When viewed head on, both the singularity and aperture frequently appear as perfect circles, like in a
galactic center or the eye of a hurricane. Measurements from the singularity of a natural gyre to its
circumferential aperture show exponential growth whereas the converse shows exponential decay. Any
gyre is fractal because of its self-similarity, fine structure, and simple and recursive nature.
The gyre singularity is defined here as the central position around which energy and matter
(discussed further in 2.3.1) revolve. The singularity is also the point of highest energy and matter
density and potency in the gyre.

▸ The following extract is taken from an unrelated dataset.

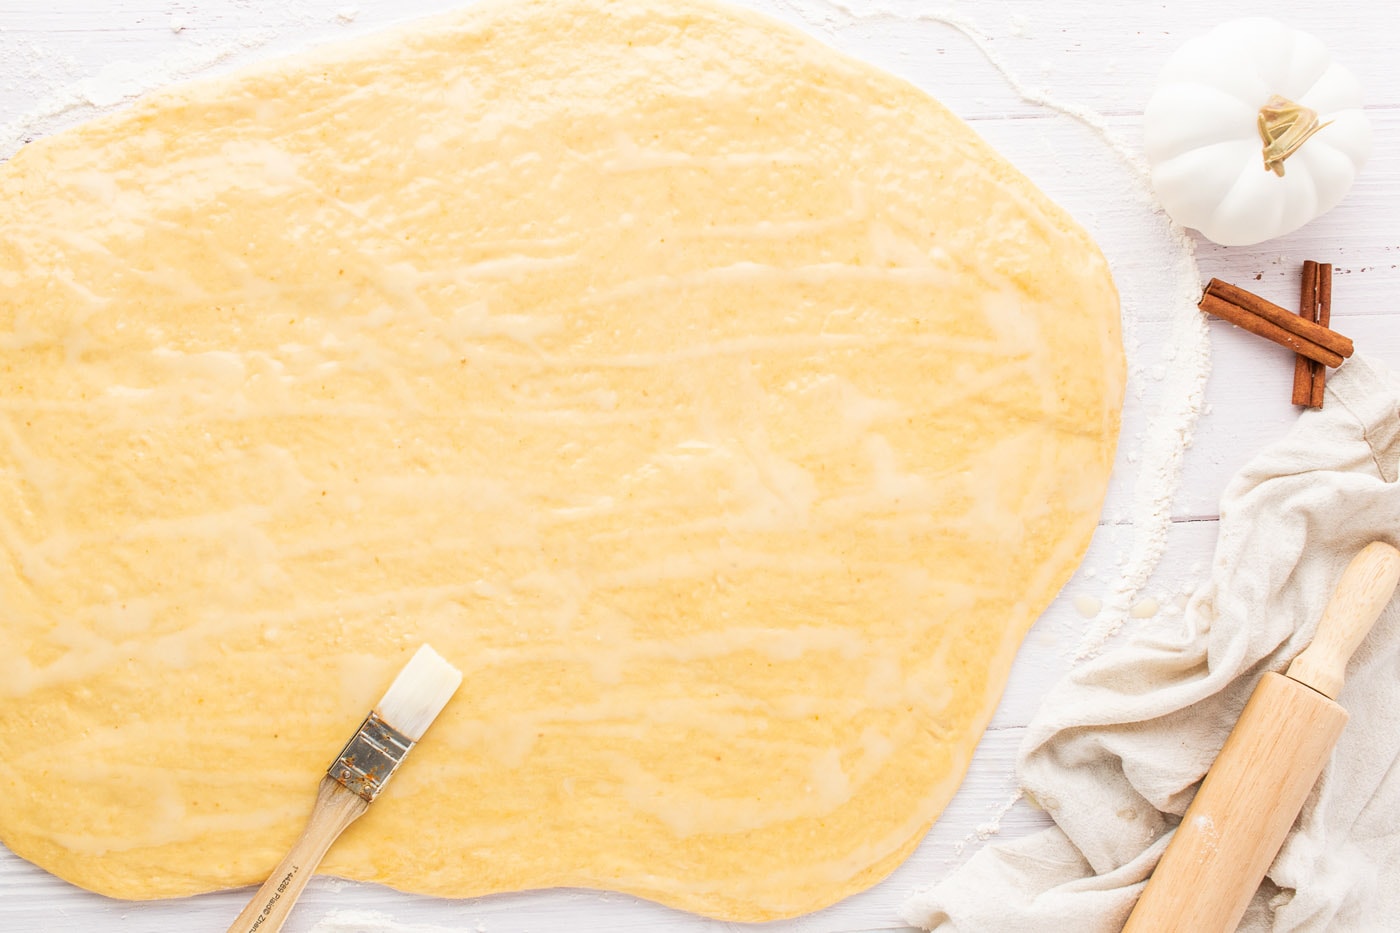 spreading butter over dough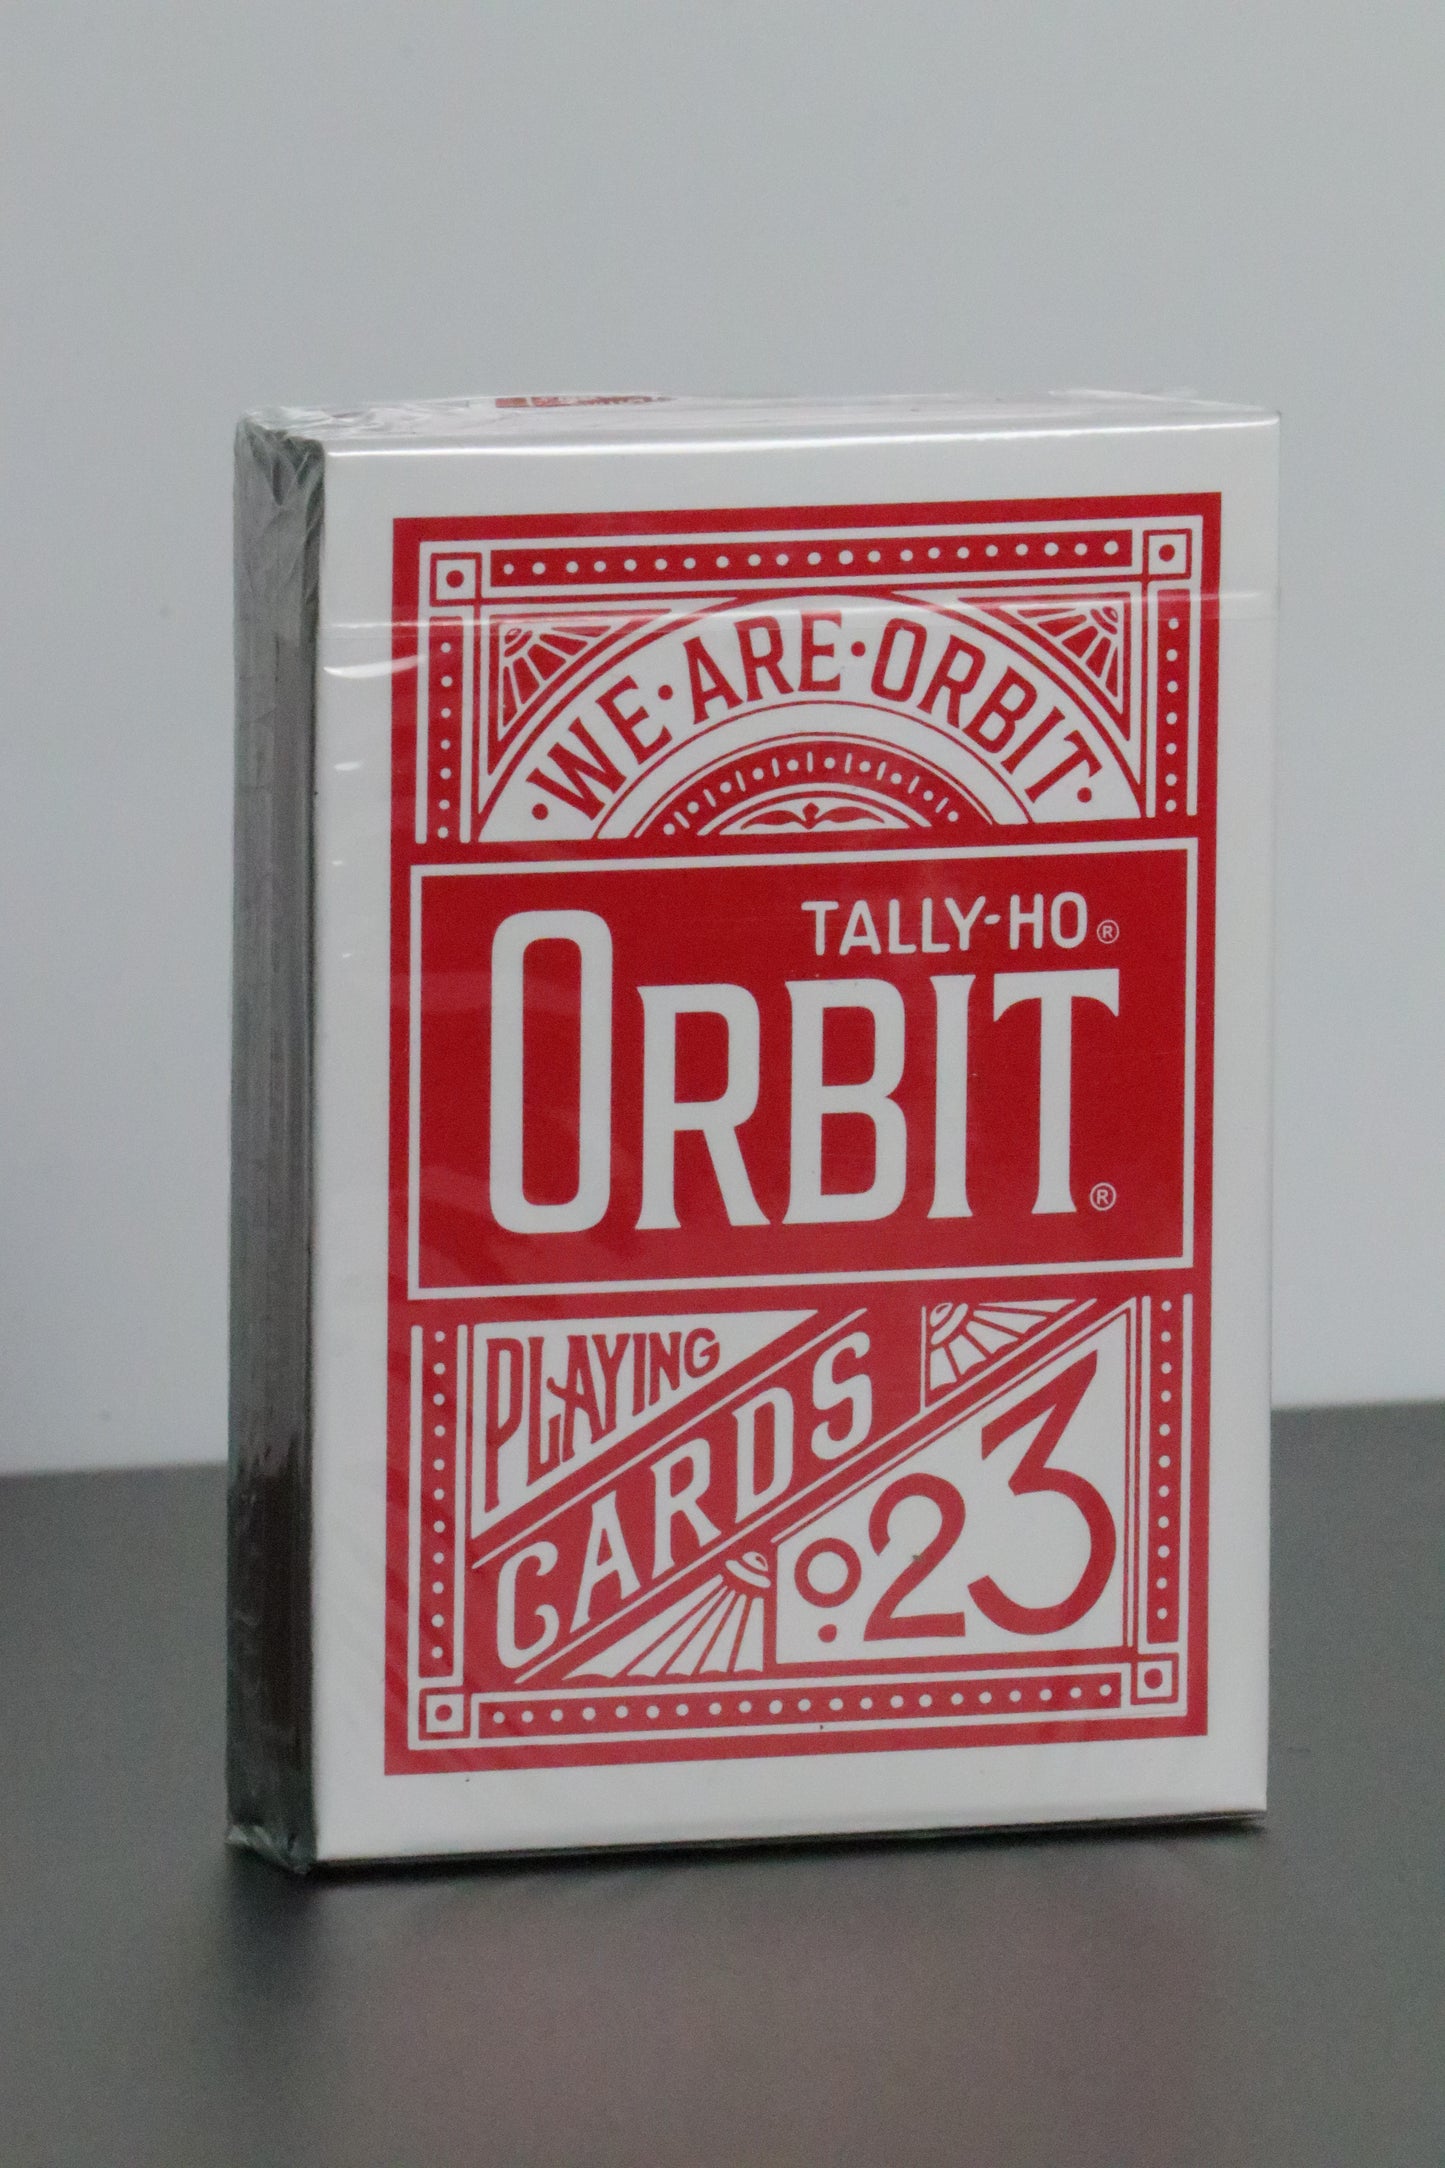 Orbit Tally Ho Card Con Red Seal

Suggestive of the applicability of the gyre to modeling nature, the
singularity concept is found both in astrophysics [29,30] and in life sciences [31]. Gyres are also
symmetrical: they have organizational or compositional reflectivity, identity, or similarity around a
radial axis that bisects the singularity. This symmetry is detectable in spiral galaxies, chemicals like
heme, and macromolecules structures like the centrosome.
Gyres are chiral, i.e., have handedness. When viewed head on, a left-handed gyre rotates clockwise;
a right-handed gyre rotates counter-clockwise. The paradox of chirality is that a left-handed gyre,
when inverted 180° and viewed anew, is a right-handed gyre. This paradox is at the core of the
problem of life. Indeed, homochirality—exclusive use of one chiral form or the other—is observed
throughout life, where sugars are dextral (D), amino acids in polypeptides are levoral (L) and nucleotides
in nucleic acids are D form [32]. With this paradox in mind, the core, generic gyromodel can be
viewed as either left-handed (levoragyre; (Figure 1a (i)) or right-handed (dextragyre; (Figure 1a (ii)).
2.1.2. Gyre Qualities
There are several characteristics of a gyre that make it theoretically appealing. Most notably, gyres
are organic, that is, they have qualities identical to those found in living systems: they adapt their
shape, size, position, rate, strength, and direction. Furthermore, gyres follow a life cycle of emergence
(birth), development (aging), and dissolution (death). Gyres spontaneously self-organize when the
pressure, temperature, energy, and matter conditions are appropriate. Foreshadowing gyromodel
application, scientists have proposed that the universe, matter, molecules, cells, and ecosystems,
among other aspects of nature, are self-organizing [33-36]. Given gyre spontaneity, the precise
spatiotemporal coordinates of gyre emergence or trajectory are unpredictable. Likewise, accurately
predicting gyre strength and composition is beyond current scientific techniques.
This unpredictability is found in nonlinear equations: gyres do not operate in a sequential or
deterministic manner and therefore do not permit simple mathematical depiction. Restated, the versatile
gyre does not avail itself to the predictive power of mathematics. As an aside, it is worth mentioning
that a complete and consistent mathematical model of the universe is thought impossible due to Gödel’s
incompleteness [37,38]. The vicissitudinous gyre, though non-mathematical, epitomizes nature.